The 400-meter relay is an event that requires impressive speed and artful precision.

A quartet of runners from Homewood-Flossmoor — junior Joshua Bridges, sophomore Jesuseun Adeyiga, senior Matthew Lewis-Banks and senior Marcell Ellis — combined those traits in last year’s state meet. They won the Class 3A championship in 41.78 seconds.

All have returned for this season. Repeating the feat is prevalent in the minds of the foursome, but each realizes the event isn’t going to simply reward them with another title based solely on past laurels.

“We’ve been talking about that a lot actually,” Homewood-Flossmoor coach Nate Beebe said. “We try to keep them grounded and make sure that they understand that someone will try to steal it from them. It isn’t going to just be handed to them.”

Bridges, the leadoff runner, knows he sets the tone for the Vikings.

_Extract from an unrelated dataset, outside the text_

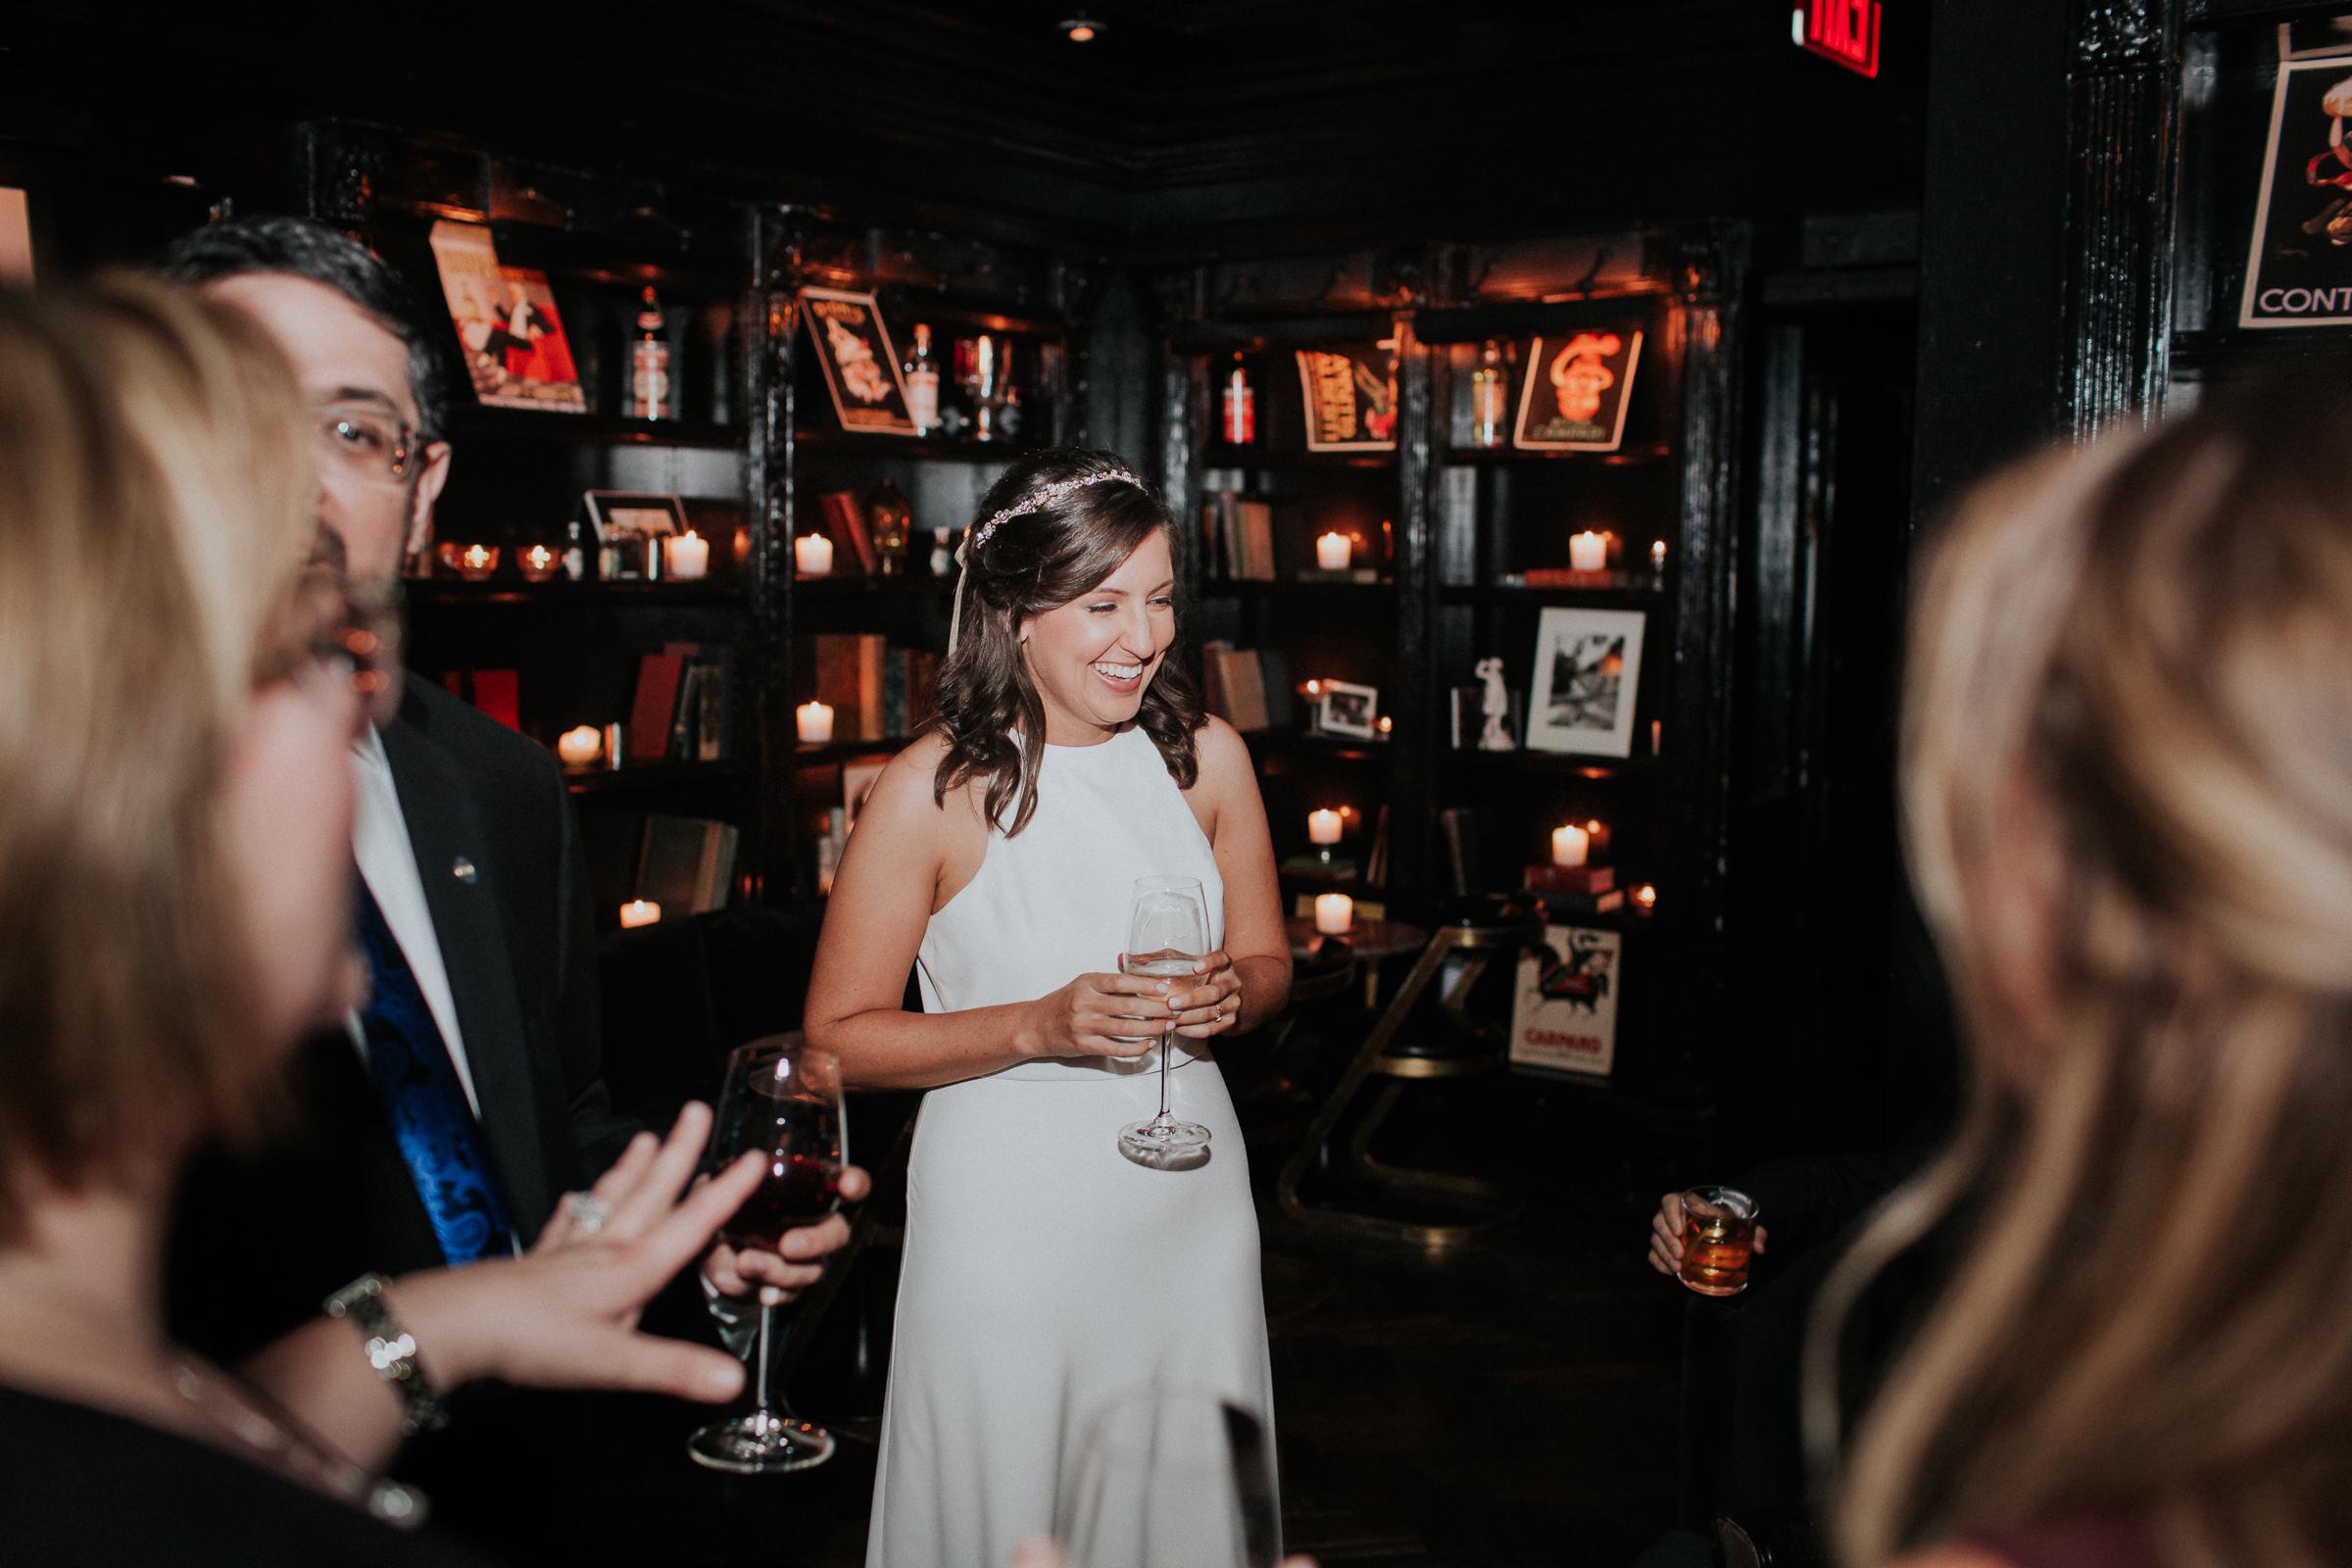 Casa-Apicii-Intimate-Wedding-City-Hall-Elopement-New-York-Documentary-Wedding-Photographer-51.jpg
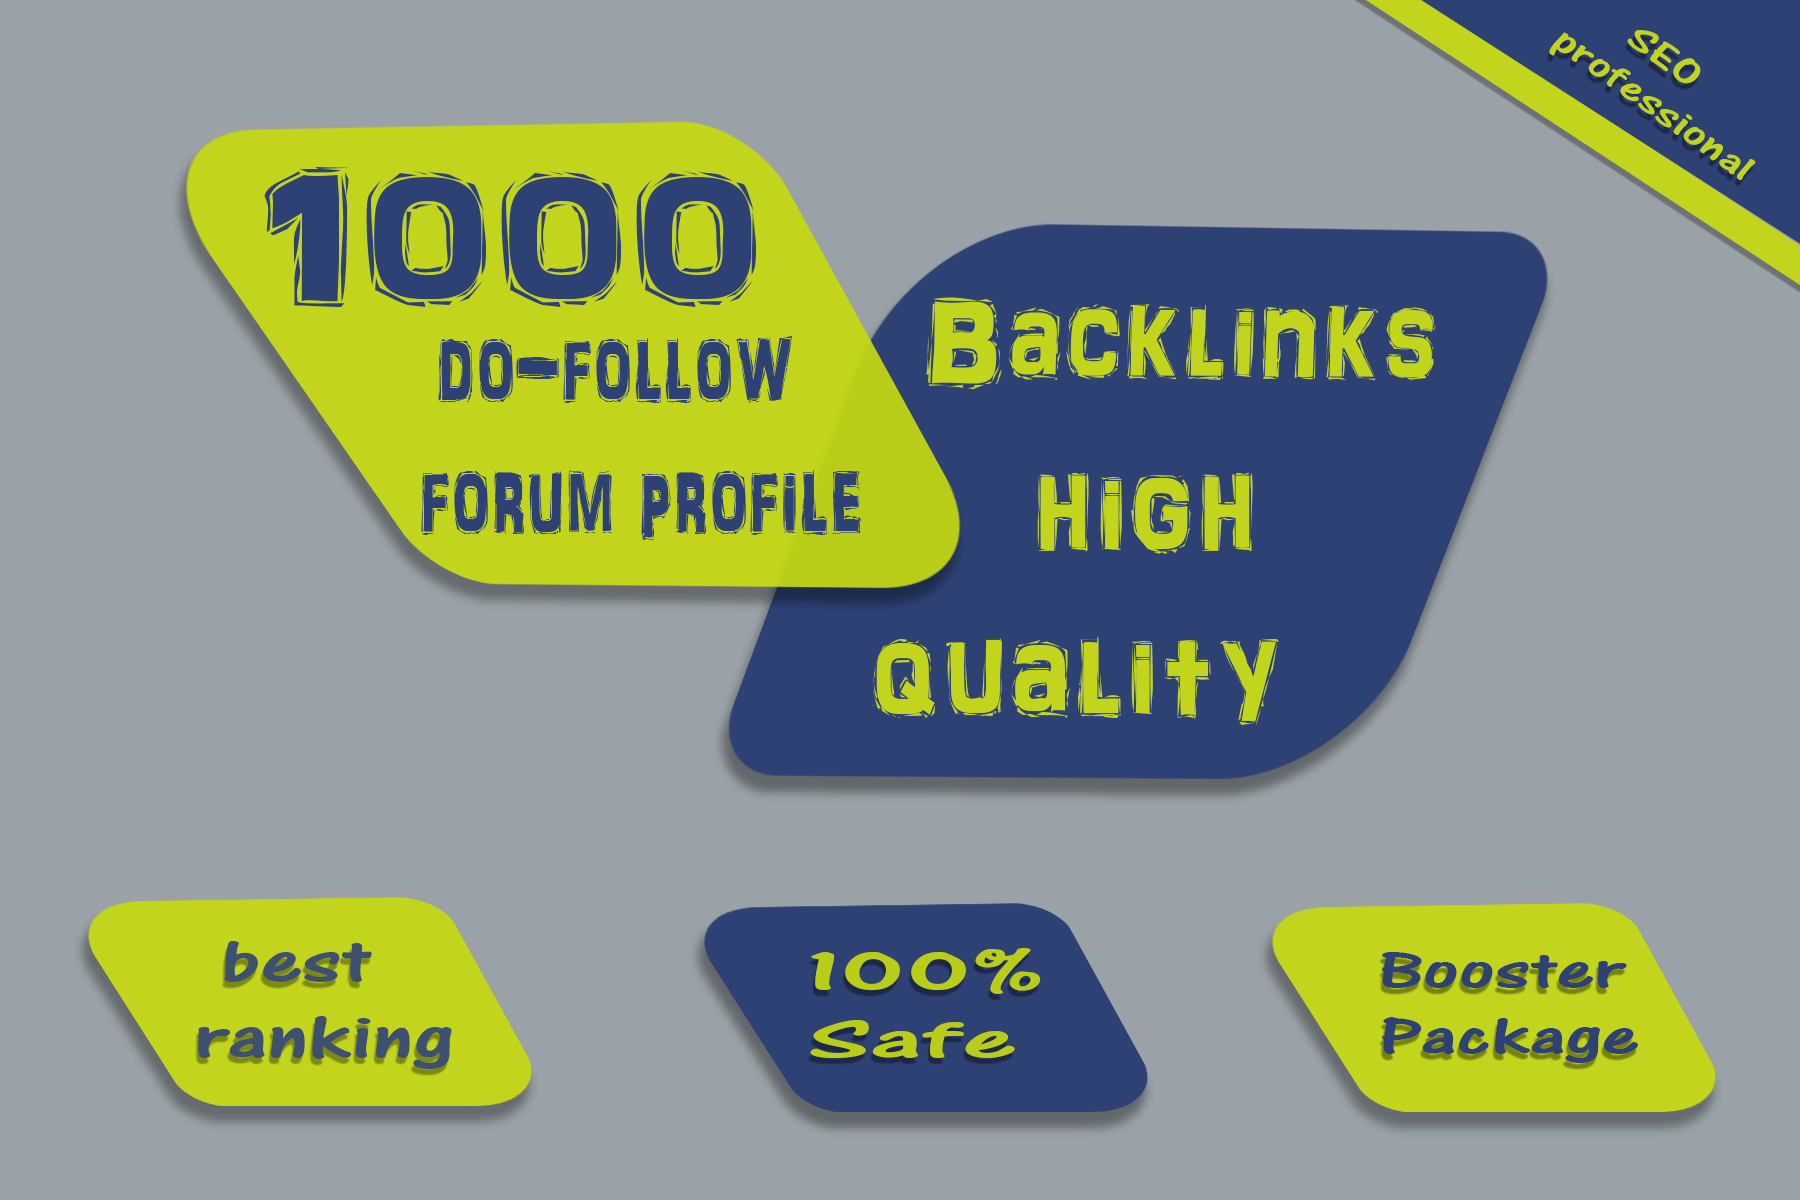 Provide 3000+ Forum Profile Back-links seo Link building servies

“You get to get out first and give your team a good start out to the race,” he said. “We won the state meet last year, but right now we’re really motivated to break the state record and get into the 40-second range, which no one in Illinois has done.”

Cahokia owns the state meet record of 41.12, set in the 2015 final.

While it was unexpected that last year’s team of underclassmen would take home the top prize, confidence grew steadily in the unit.

“It was a little bit of a surprise,” Adeyiga said. “It was the first time a team from H-F had won a relay, but it also wasn’t a surprise because we went into state as the No. 1 seed so we knew that we could do it. We knew what we could do when we really perform.”

But even the team that finds itself on top of the podium at season’s end faces challenges. Lewis-Banks realized the Vikings needed him to deliver at a critical juncture in the state final.

“When I got the baton, the runner from East St. Louis was a couple of steps ahead,” Lewis-Banks said. “But as third leg I know that it is my job to get Marcell a cushion so he can bring it home and that’s exactly what I did.”

Ellis, a transfer from Morgan Park, operates in the anchor spot. Much of the spotlight falls on the final runner, but that’s an opportunity Ellis relishes.

“It’s kind of fun being the anchor,” Ellis said. “We have some of the best sprinters in the state and I’m very confident in my team.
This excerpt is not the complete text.